··· Available data ···

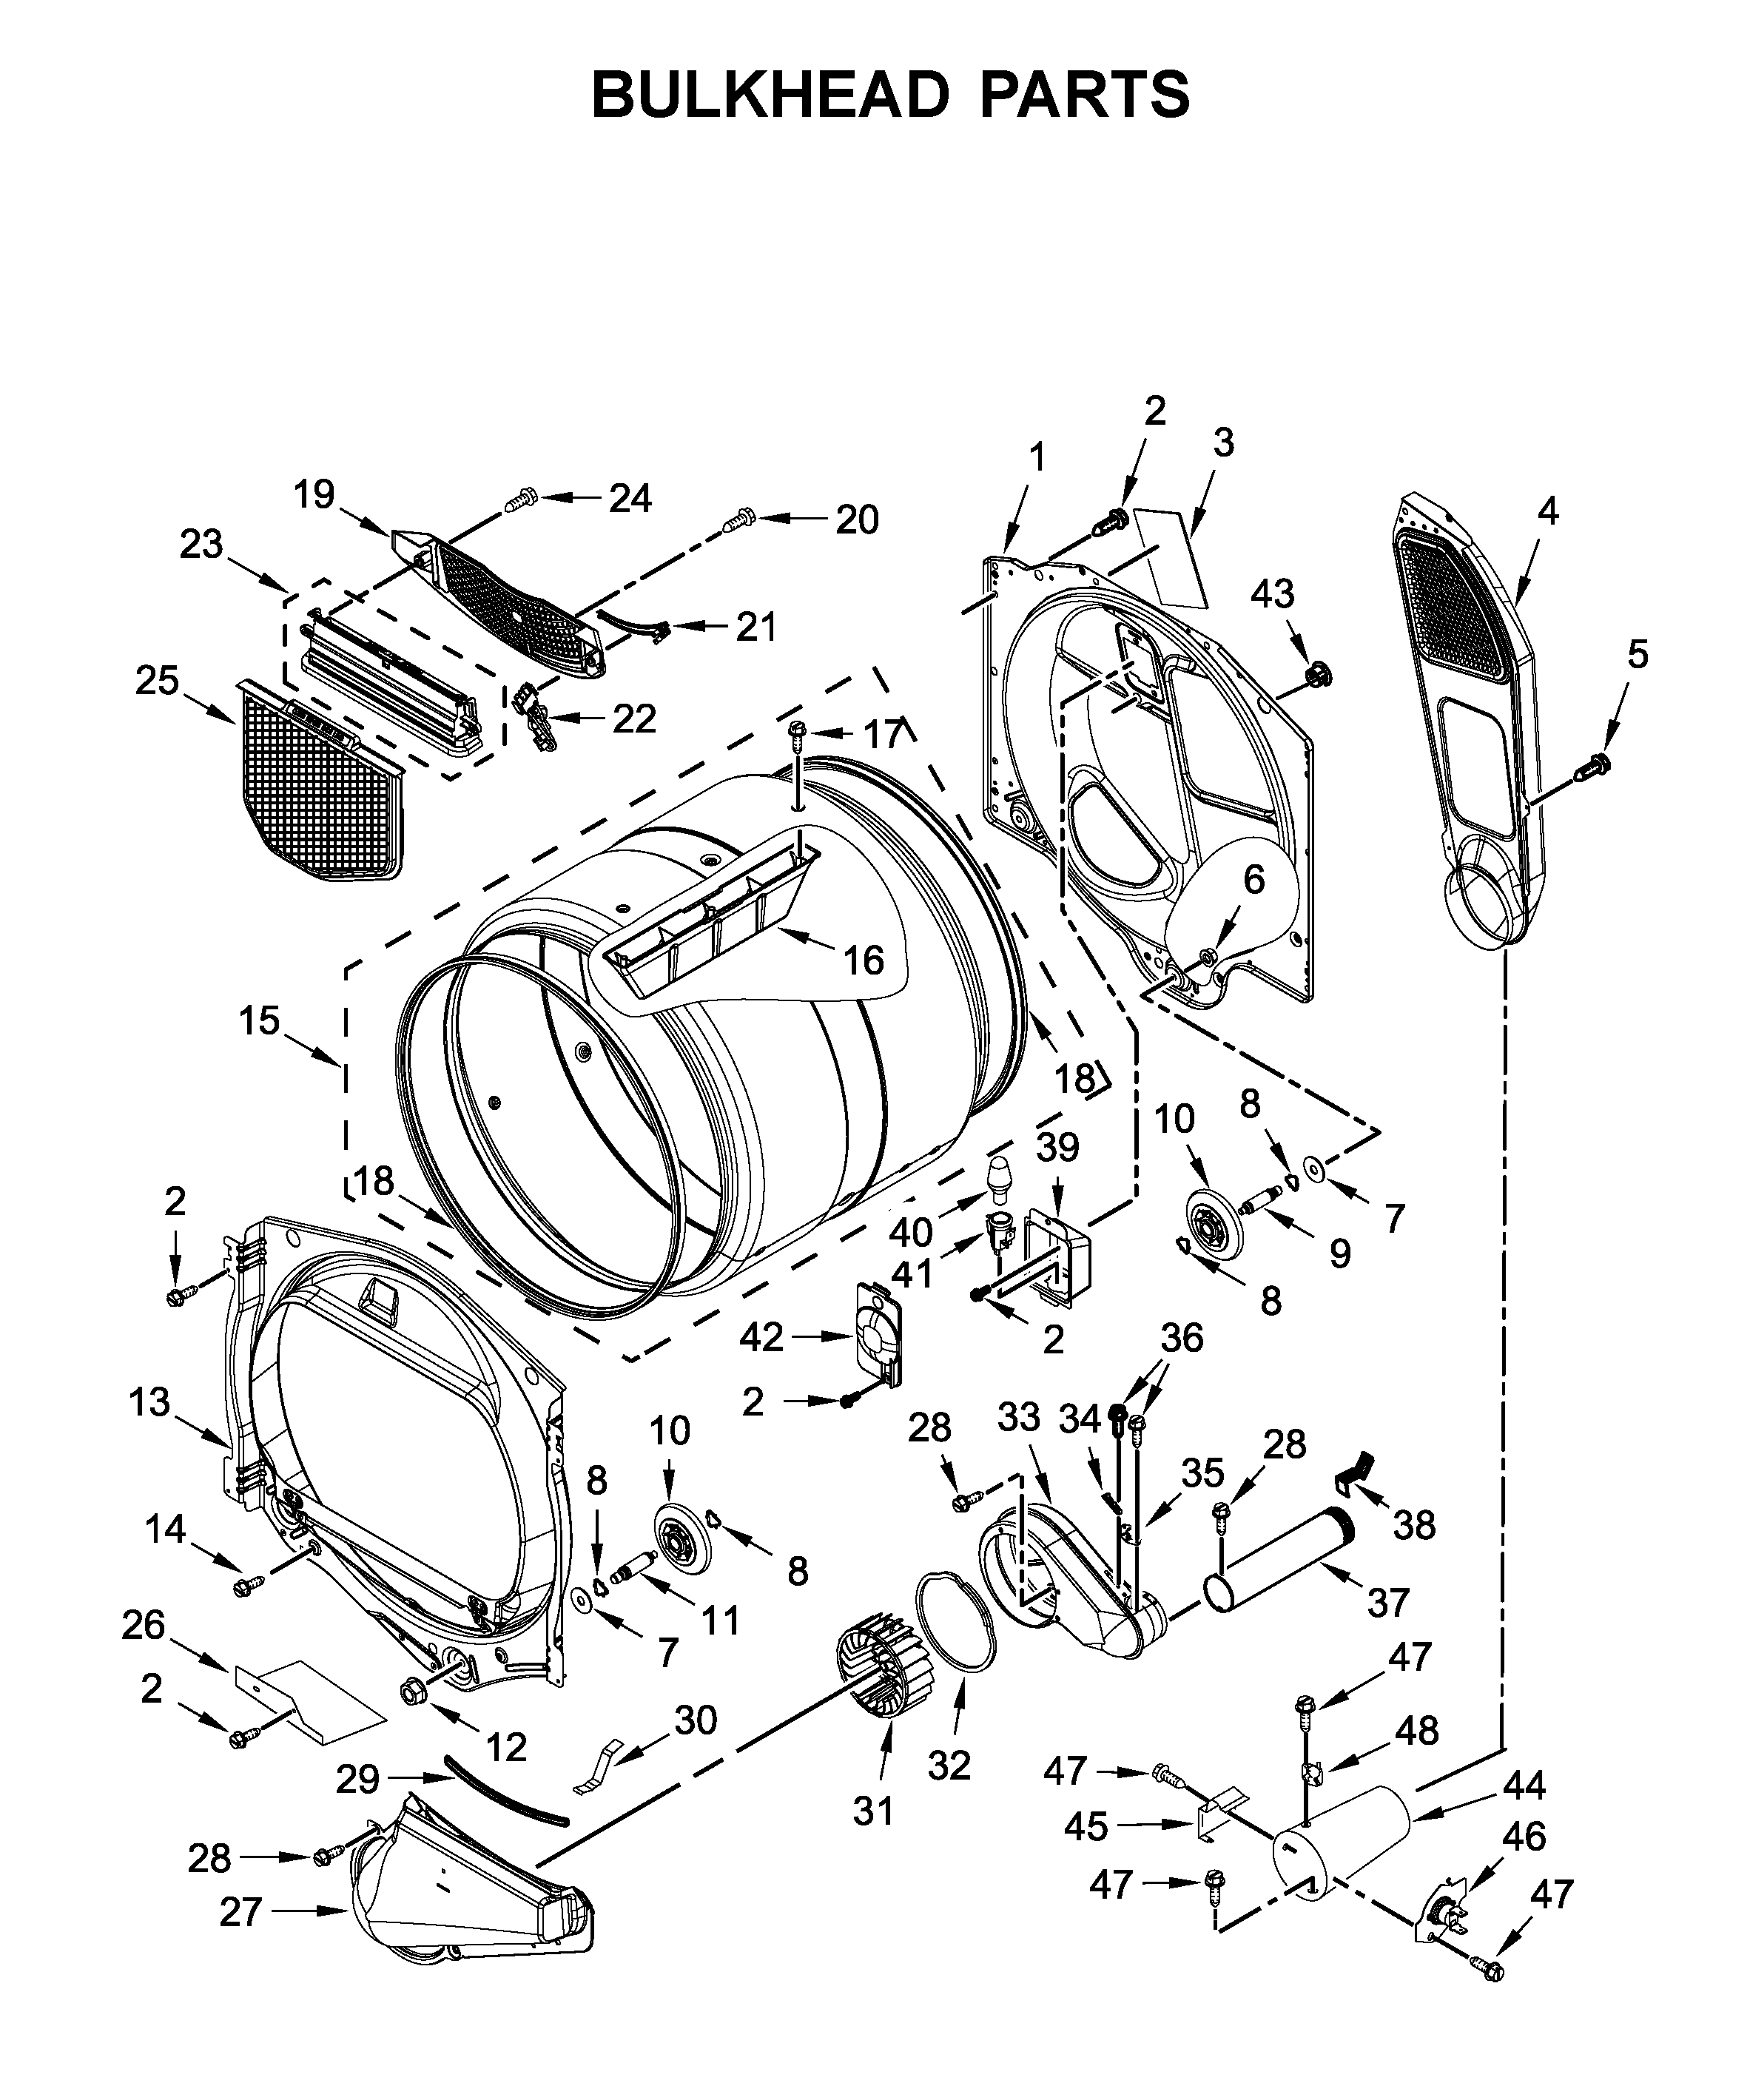 Whirlpool  Dryer  Bulkhead parts
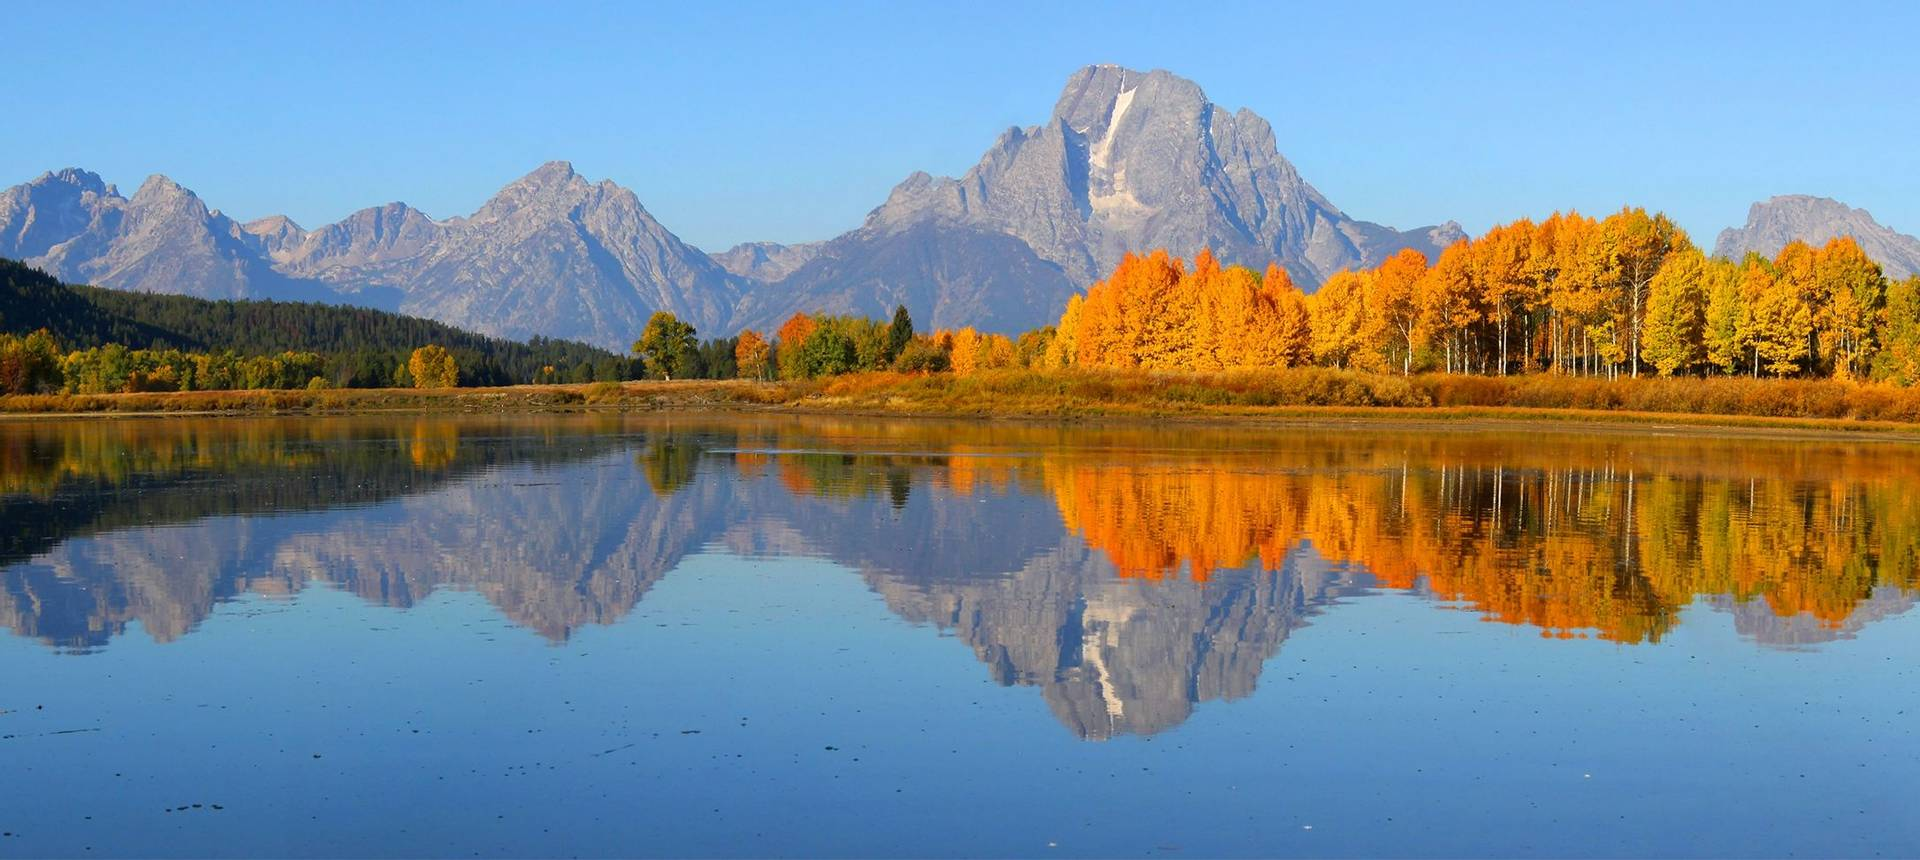 Grand Tetons National Park Shutterstock 63999946
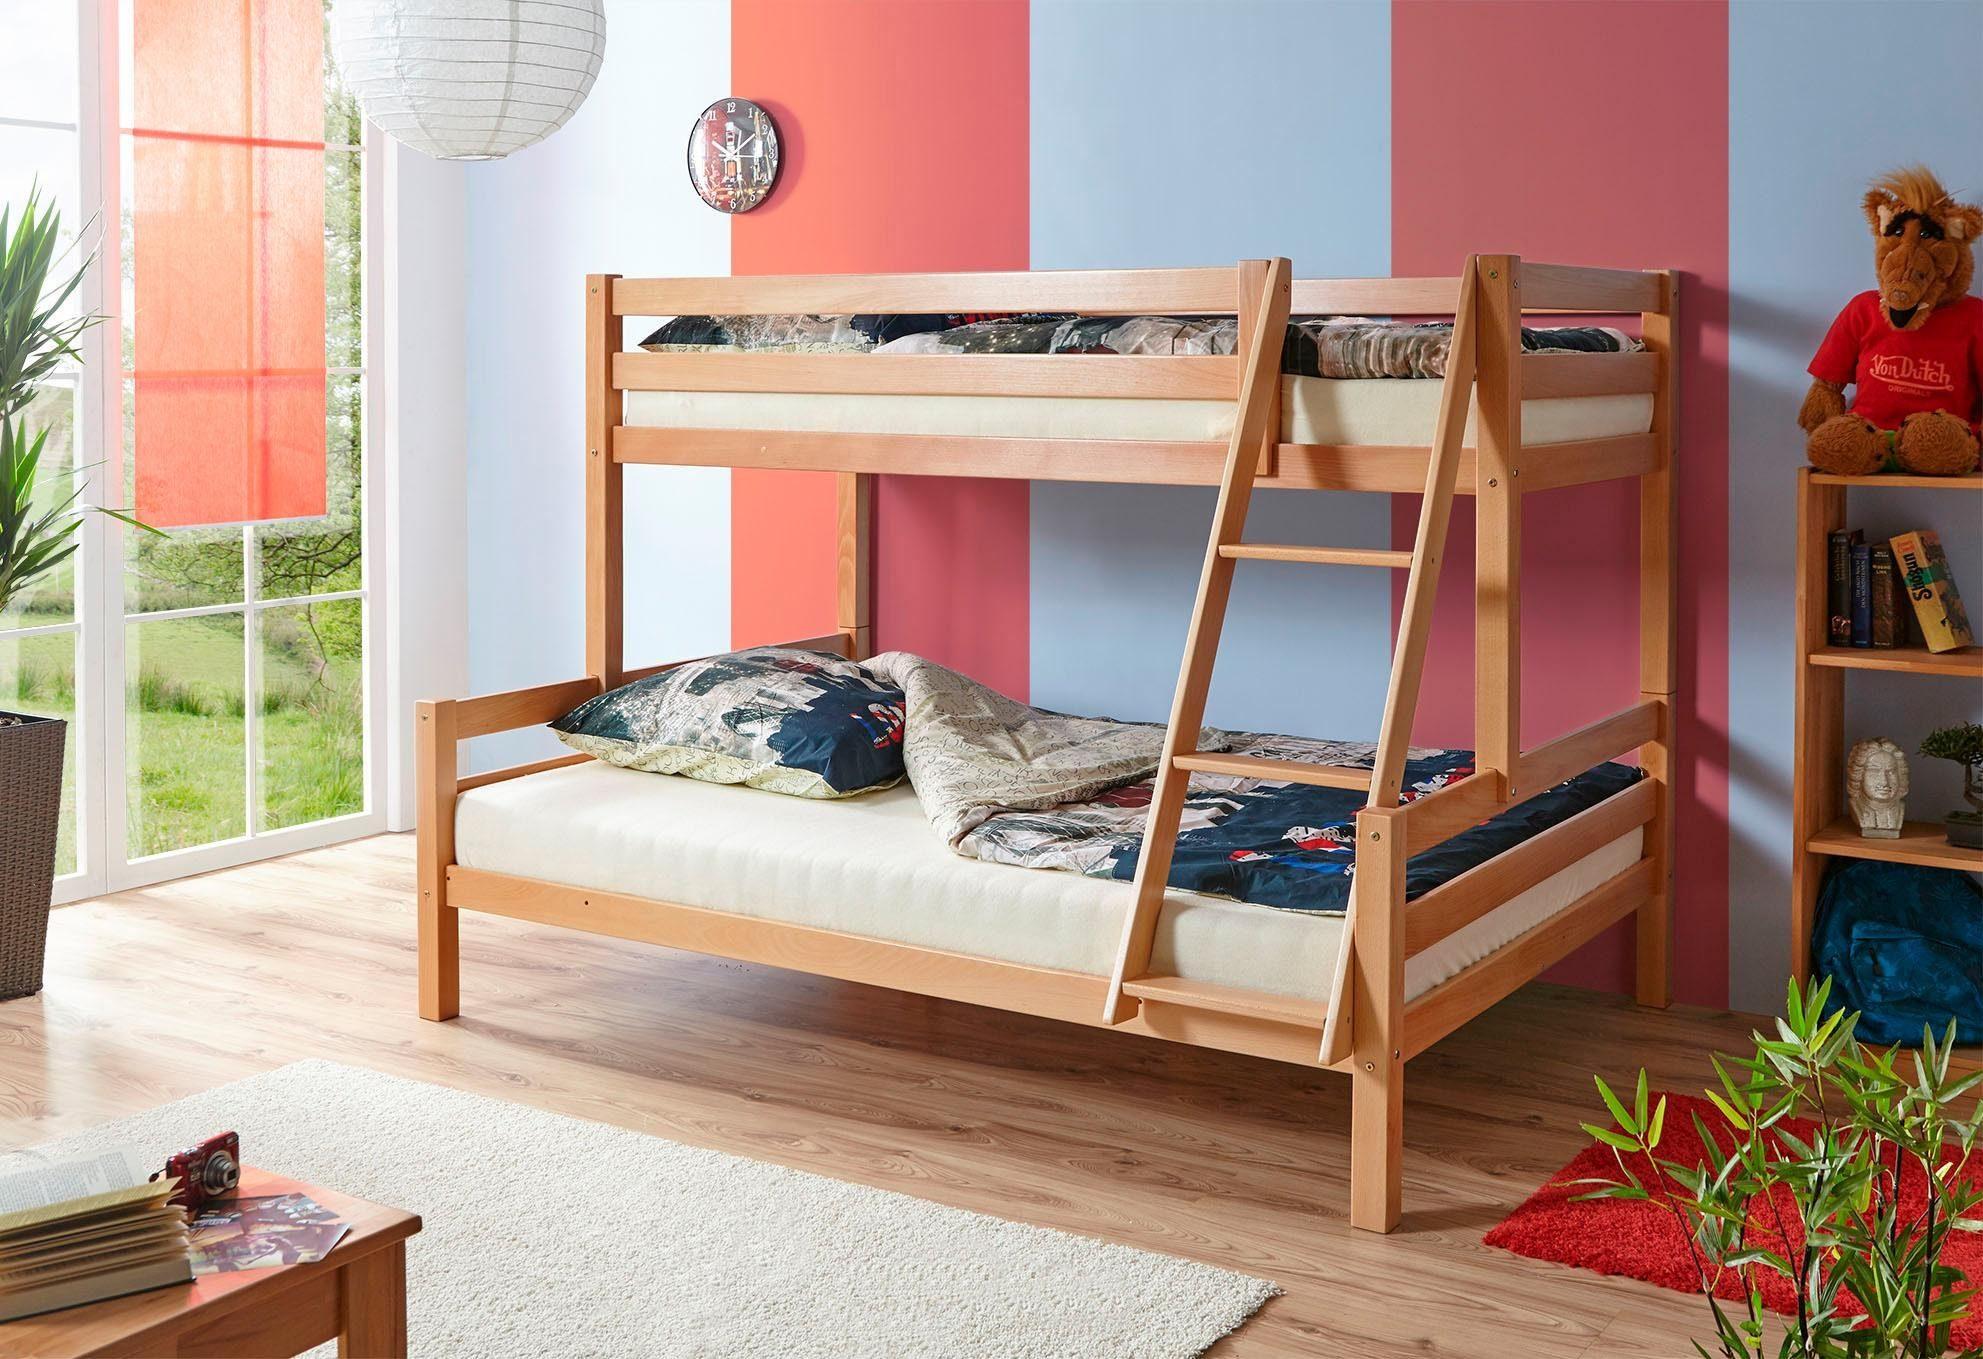 Etagenbett Holz Günstig : Etagenbett doppelstockbett online kaufen stockbett otto

···

Problem statement: With the pictures removed, repeat the listing above exactly as it stands.

Answer below:
 Whirlpool  Dryer  Bulkhead parts
 Grand Tetons National Park Shutterstock 63999946
 Etagenbett Holz Günstig : Etagenbett doppelstockbett online kaufen stockbett otto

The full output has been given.